Saudi Arabia has no personal income tax on salary, making the Foreign Earned Income Exclusion (FEIE) the primary tool for US expats to avoid US tax on their wages. Since there is no comprehensive income tax treaty or social security totalization agreement, complexities arise for investors, business owners, and the self-employed. These individuals may face significant US tax and reporting obligations with no offsetting Saudi taxes.
US filing basics every American abroad must know
US citizens and green-card holders are taxed on worldwide income wherever they live, and usually must file Form 1040 once gross income exceeds the IRS threshold (roughly $15,000 to $30,000 depending on filing status for recent years), even when no tax is ultimately due. The tools that prevent double taxation are the Foreign Earned Income Exclusion (FEIE, up to $130,000 for 2025 under IRC §911) and the Foreign Tax Credit.
Two reporting rules catch most filers in Saudi Arabia: the FBAR (FinCEN Form 114), required when foreign financial accounts exceed $10,000 in aggregate at any point in the year, and Form 8938 (FATCA) for specified foreign assets above the applicable threshold. Both can carry penalties even when no tax is owed. If you are behind, the Streamlined Filing Compliance Procedures are the usual penalty-free path back for non-willful taxpayers.
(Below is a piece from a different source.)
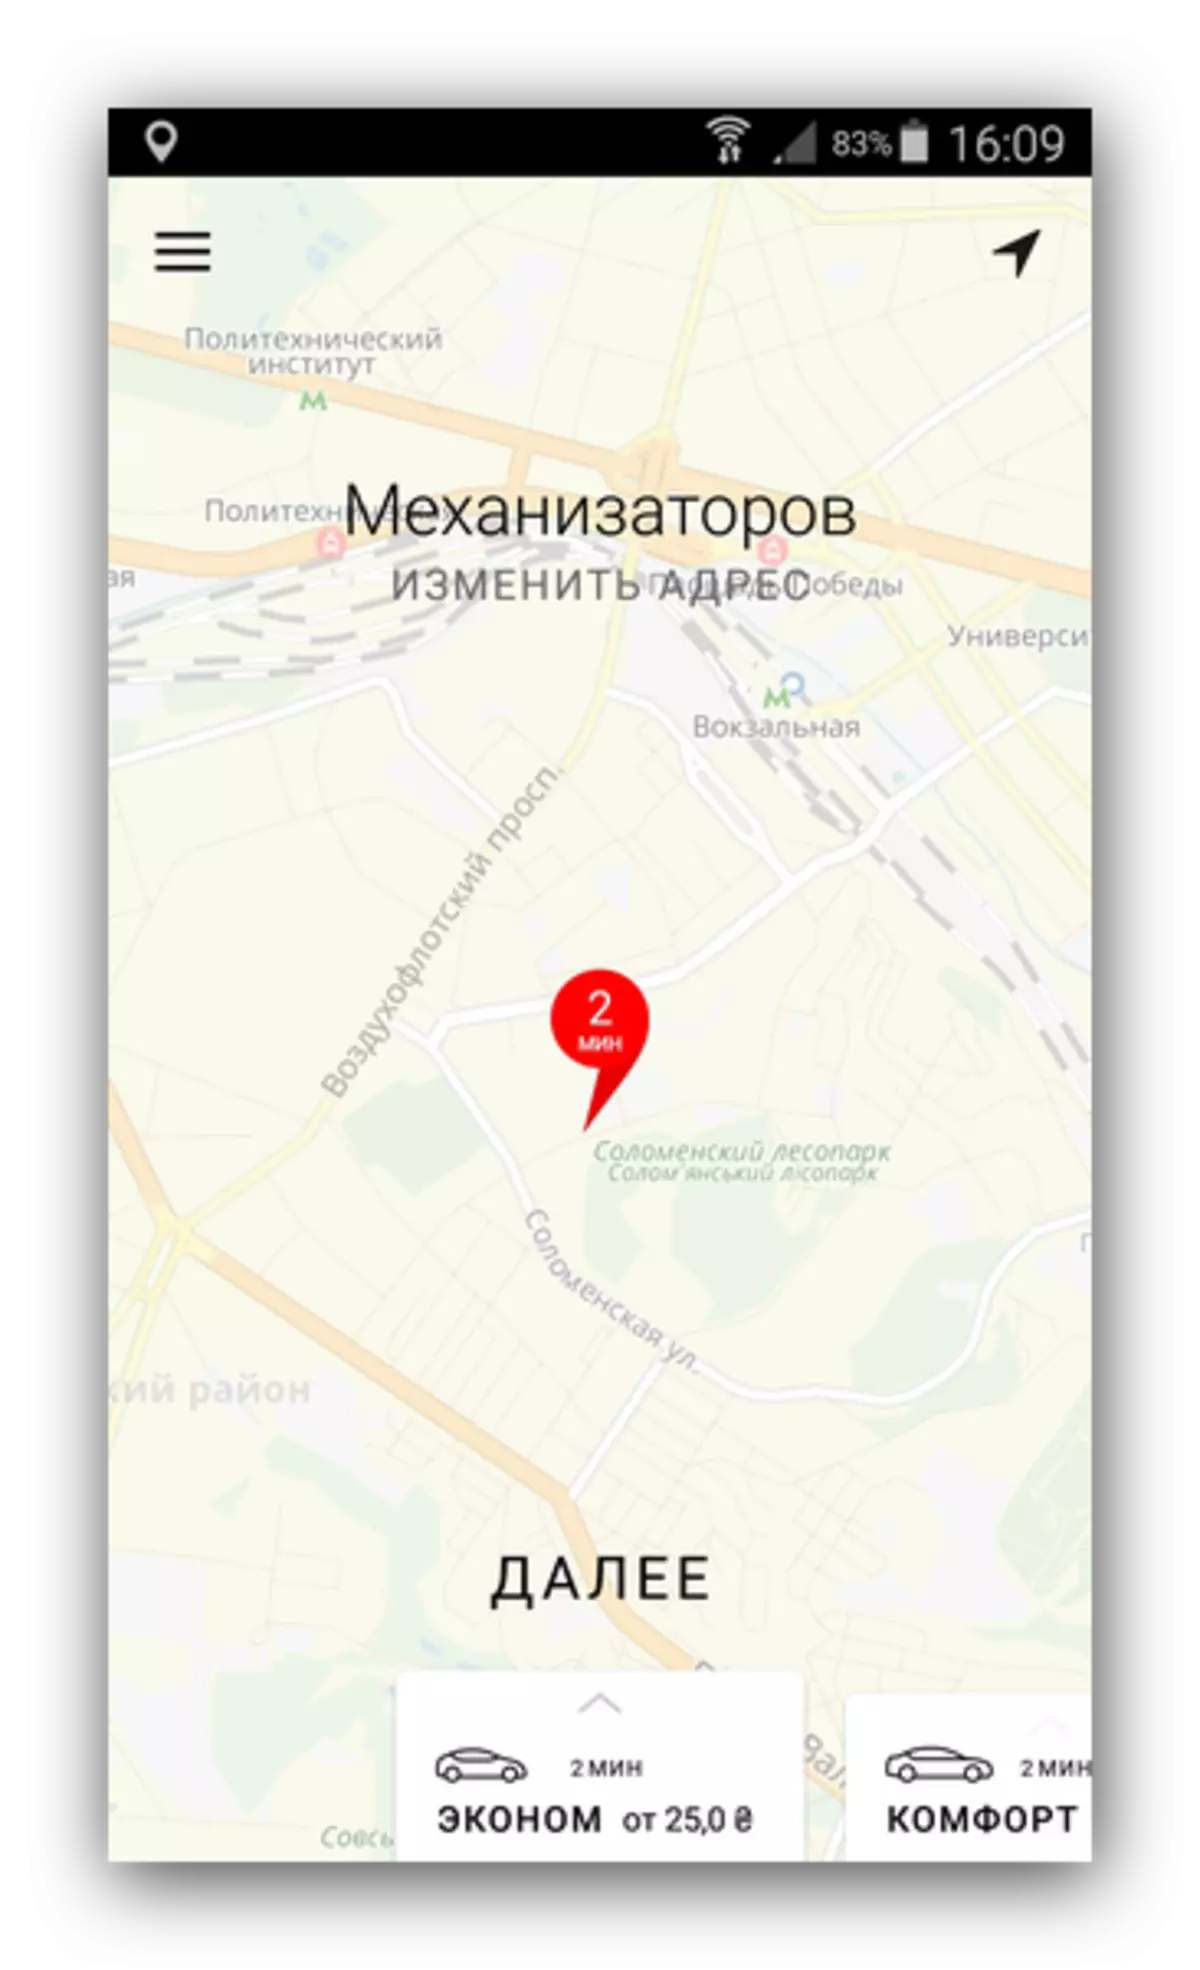 Tafipator Ganti Taxi Yandex
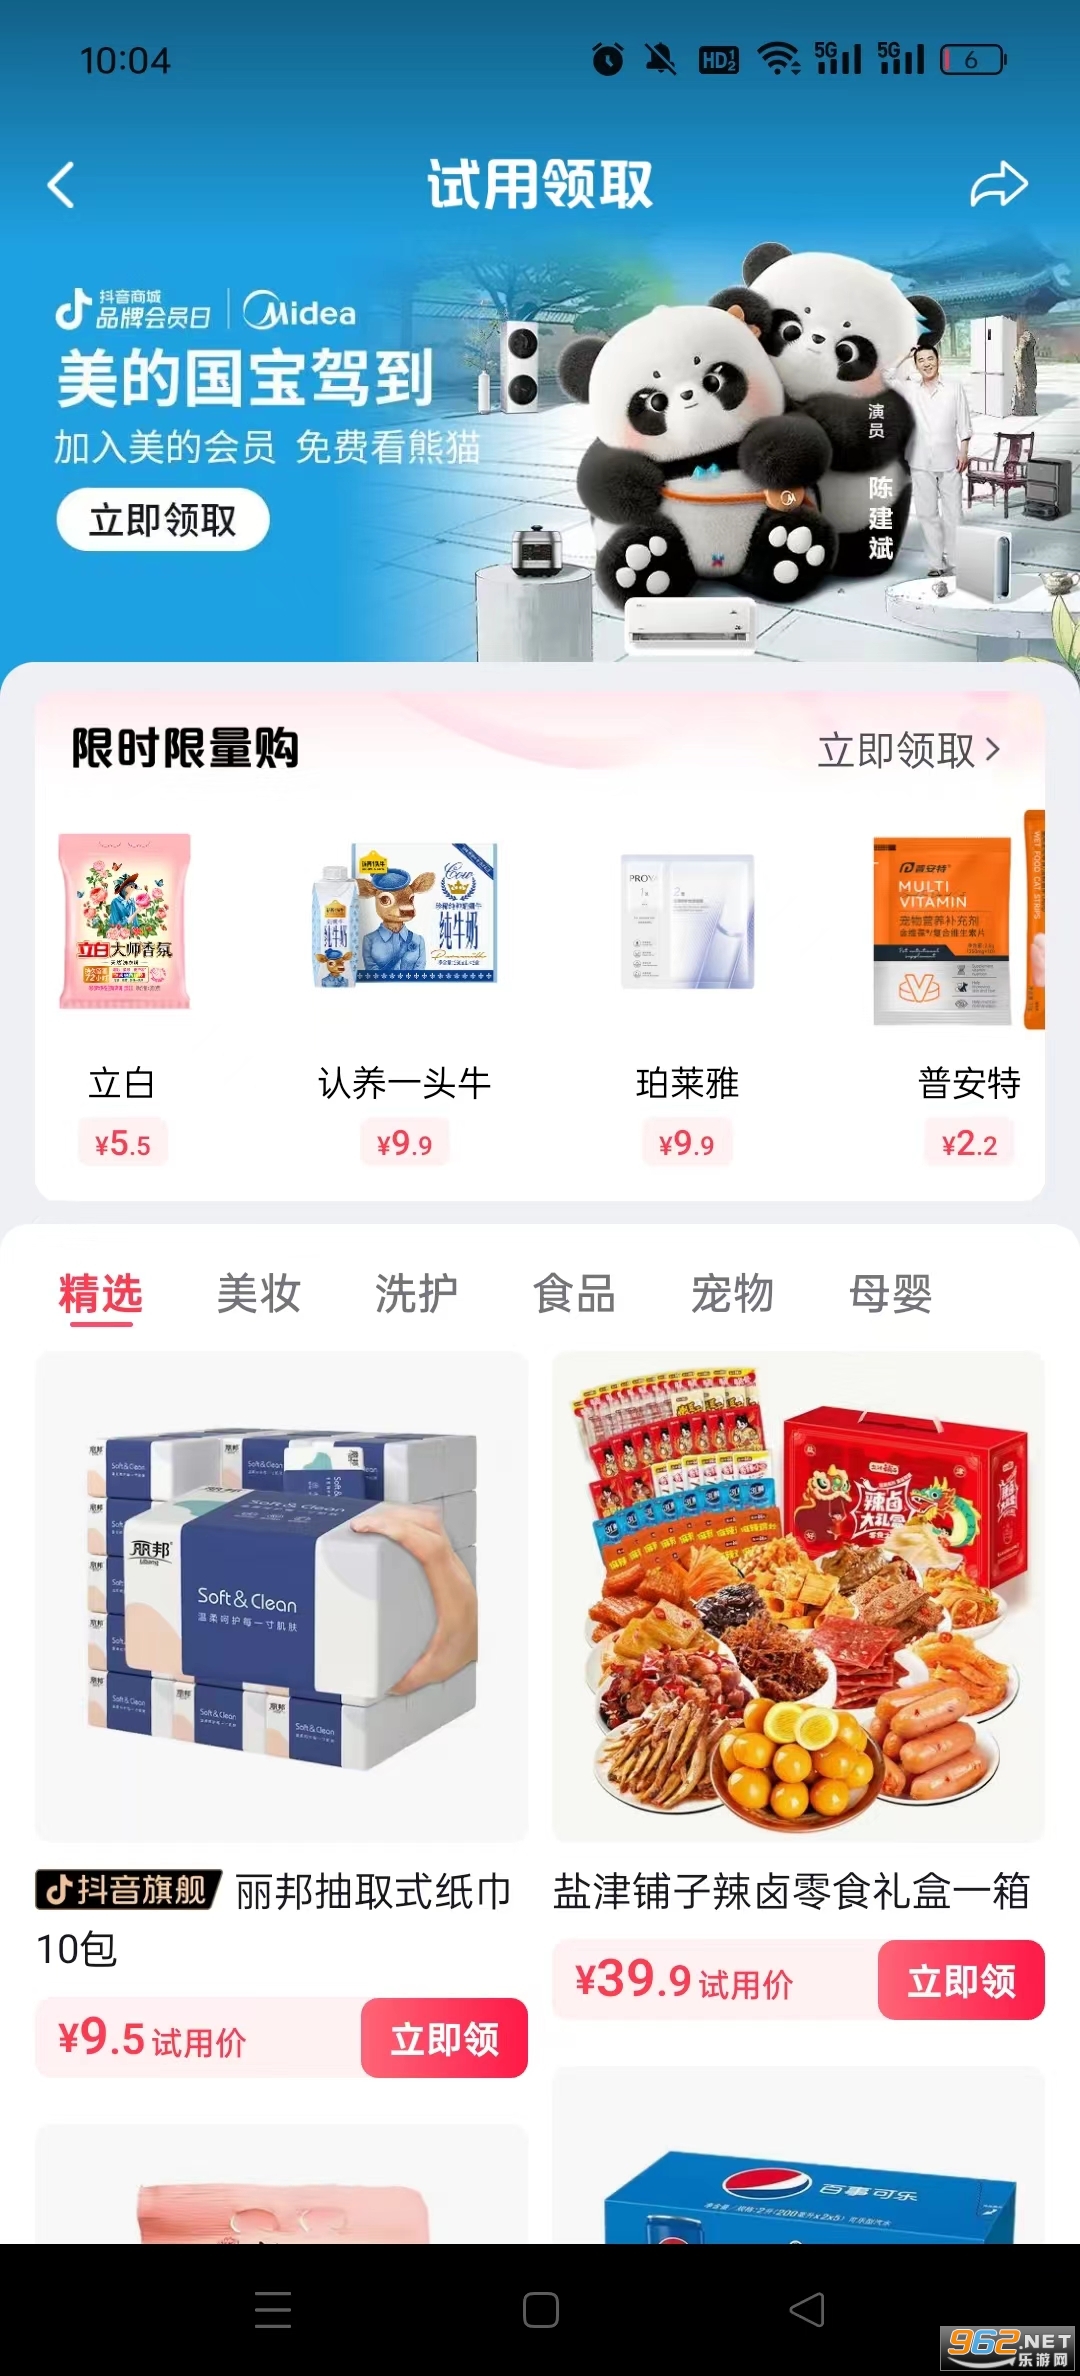  Screenshot 5 of app v28.2.0 (Tiaoyin Shopping Mall) in Tiaoyin Shopping Mall

US tax treaty with Saudi Arabia
The United States and Saudi Arabia do not have a comprehensive income tax treaty. While a Tax Information Exchange Agreement (TIEA) exists to help governments enforce their respective tax laws, it provides no benefits to taxpayers, such as reduced withholding rates or residency tie-breaker rules. US citizens must rely on domestic US tax law, primarily the Foreign Earned Income Exclusion and the Foreign Tax Credit, to mitigate double taxation.
GOSI and US Tax
Saudi Arabia's main social insurance system is the General Organization for Social Insurance (GOSI). For expatriate employees, employers contribute 2% of salary for occupational hazard coverage; employees themselves do not contribute to the retirement annuity portion of the system.
For US tax purposes, these employer contributions to GOSI are generally not considered taxable income to the employee. Because GOSI is a government social security program and expats do not typically contribute, it generally avoids the complex US reporting associated with foreign pension trusts (Form 3520) or PFICs. However, any private savings or investment funds offered in Saudi Arabia are very likely to be classified as PFICs, requiring complex reporting on Form 8621.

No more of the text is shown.